> [What you need to do] From the listing below, restate word for word the lines from the line containing "Baldor km3006 34f012y170" down through the line containing "Qatar Rail Tennis Open Tournament". Exclude pictures.

> [Information]

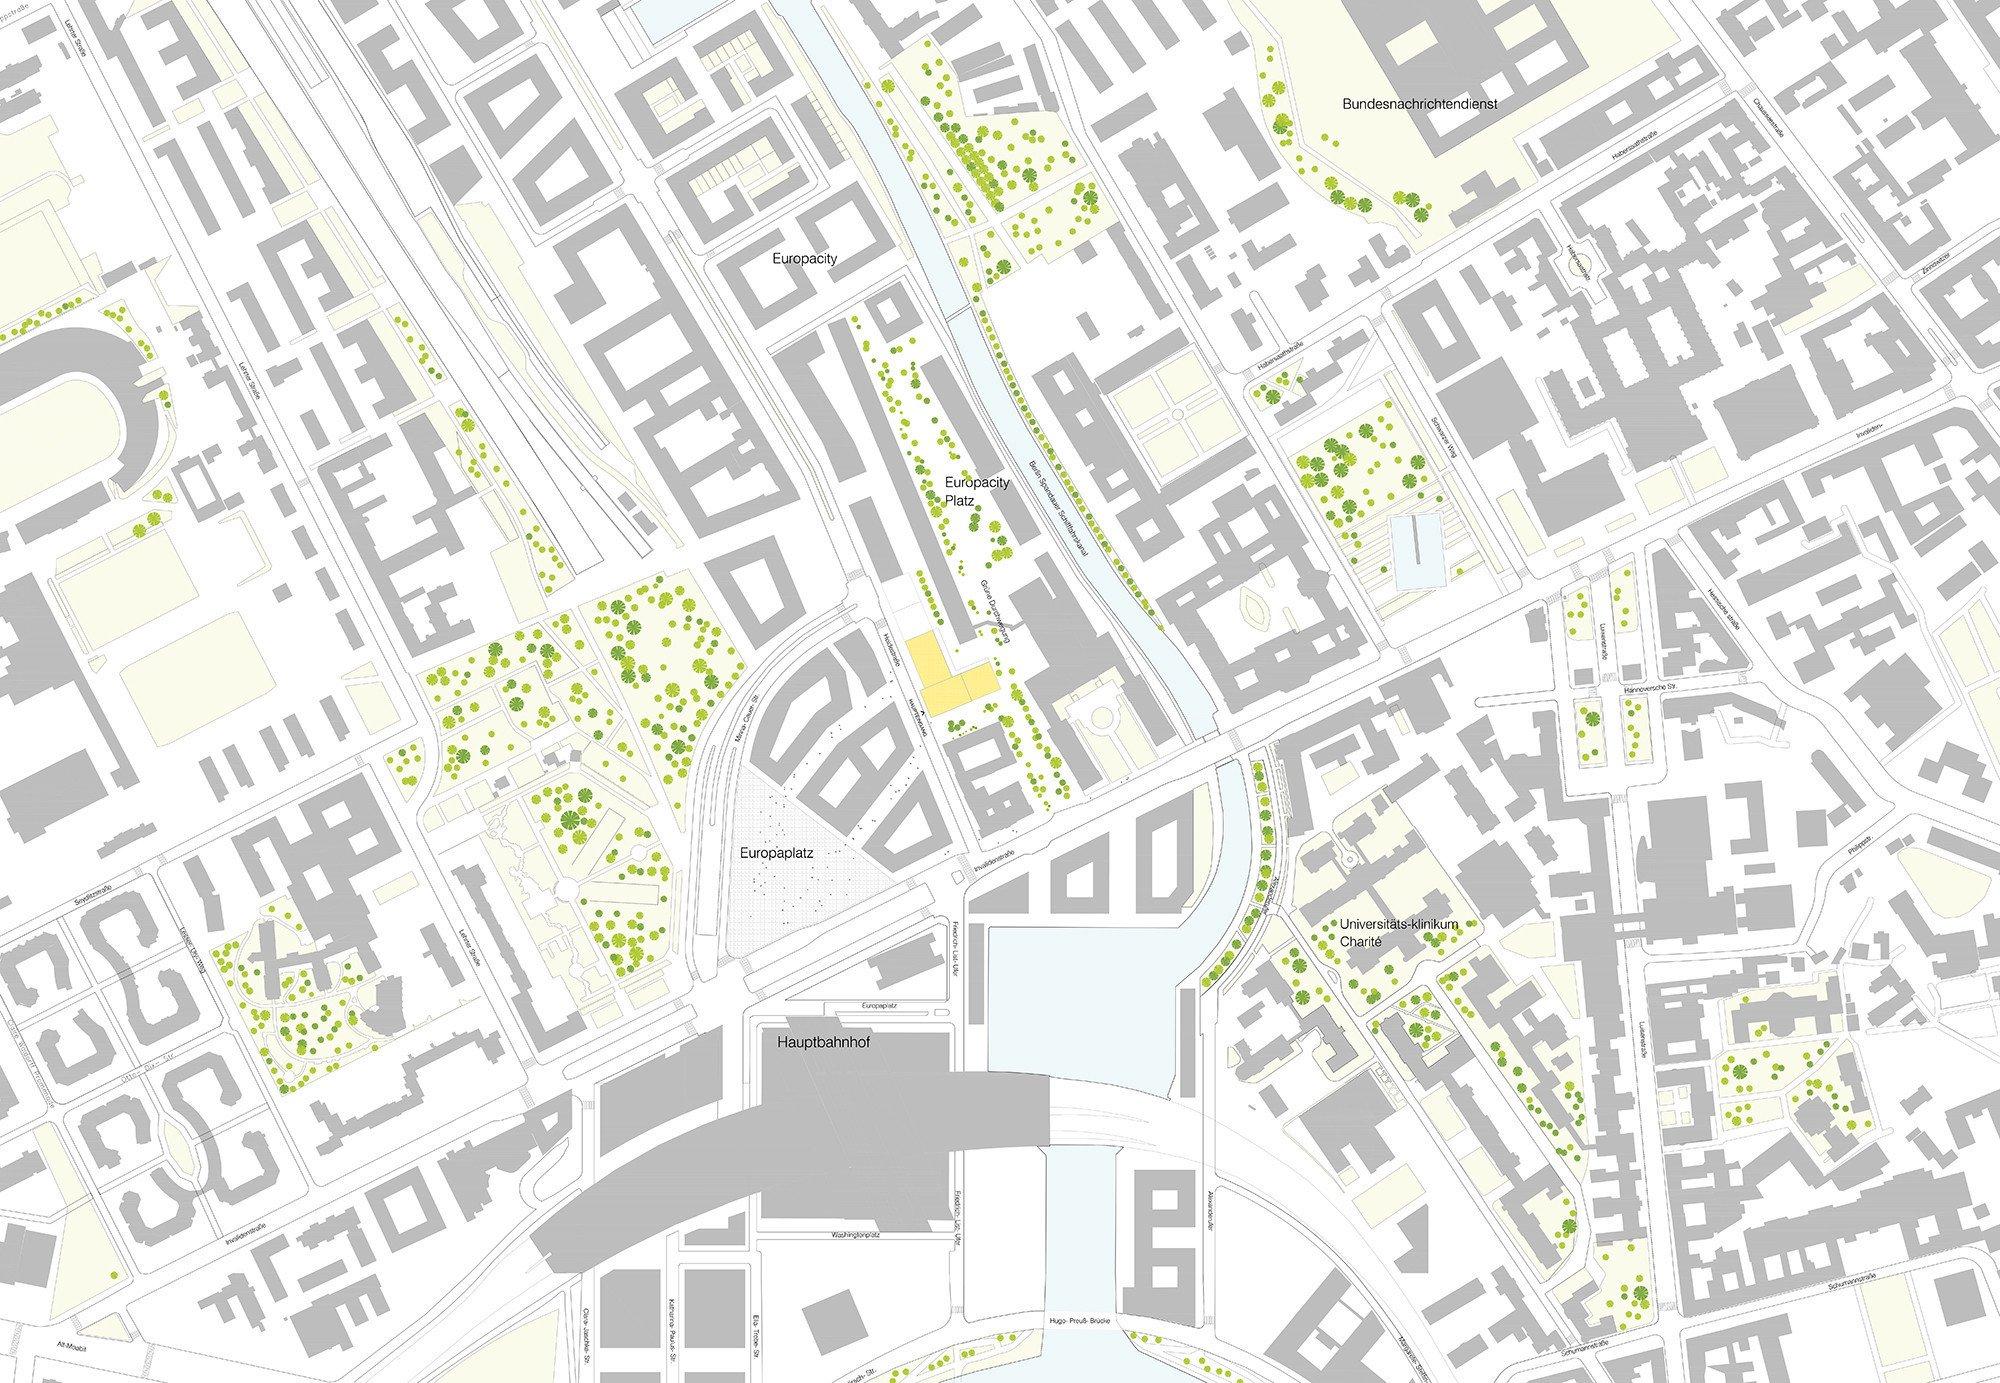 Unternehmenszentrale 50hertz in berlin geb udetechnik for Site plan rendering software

==

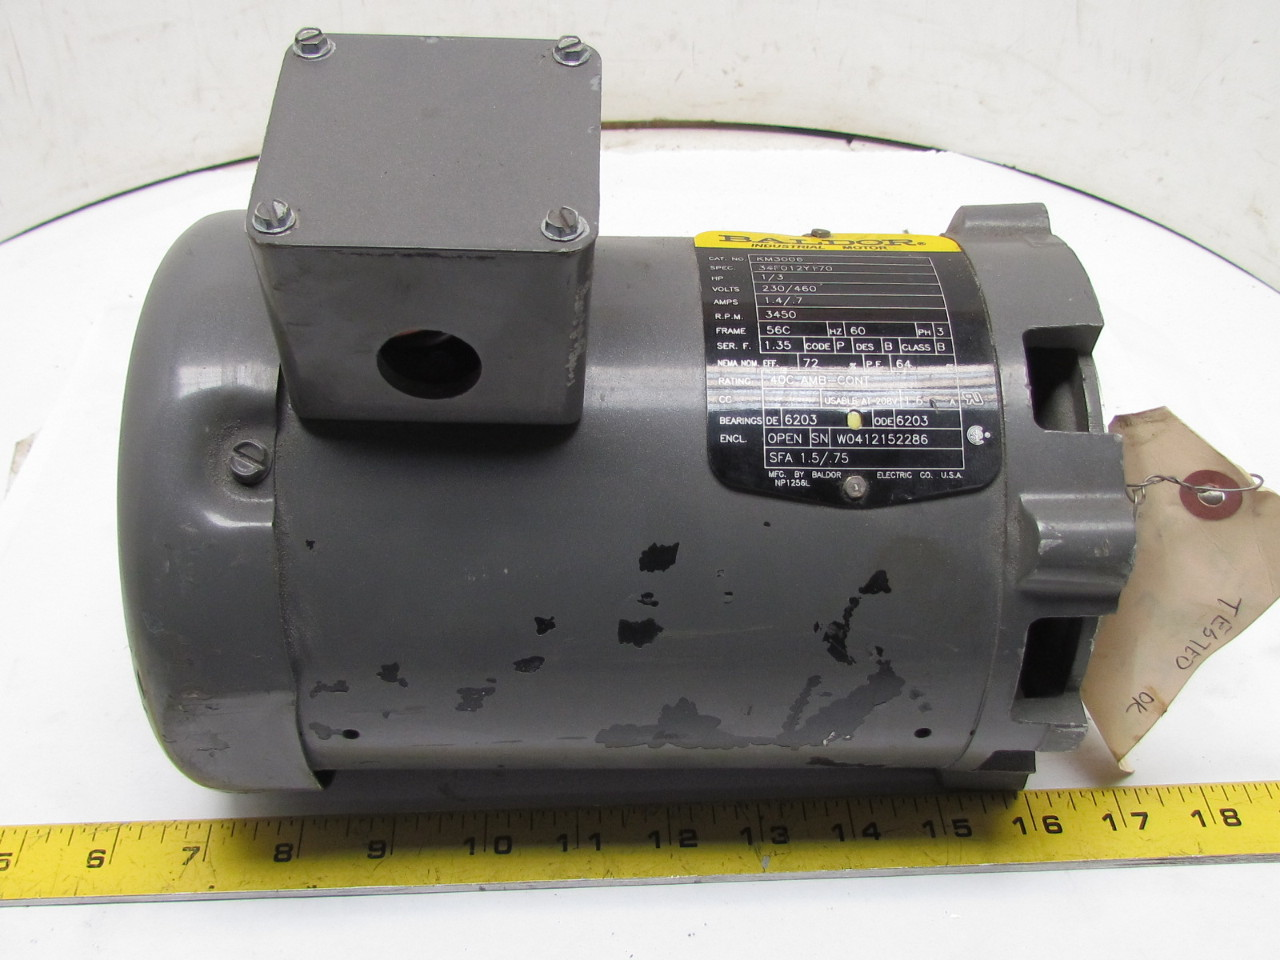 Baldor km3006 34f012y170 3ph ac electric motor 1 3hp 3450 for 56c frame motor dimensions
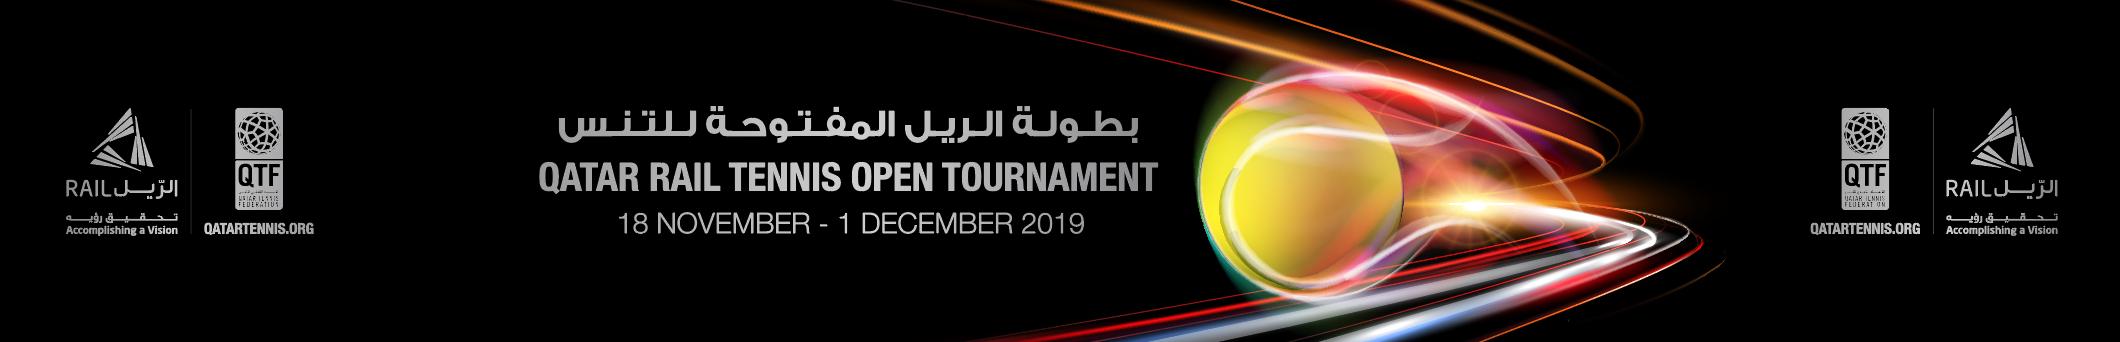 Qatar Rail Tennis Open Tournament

> [Result of the task]
 Baldor km3006 34f012y170 3ph ac electric motor 1 3hp 3450 for 56c frame motor dimensions
 Qatar Rail Tennis Open Tournament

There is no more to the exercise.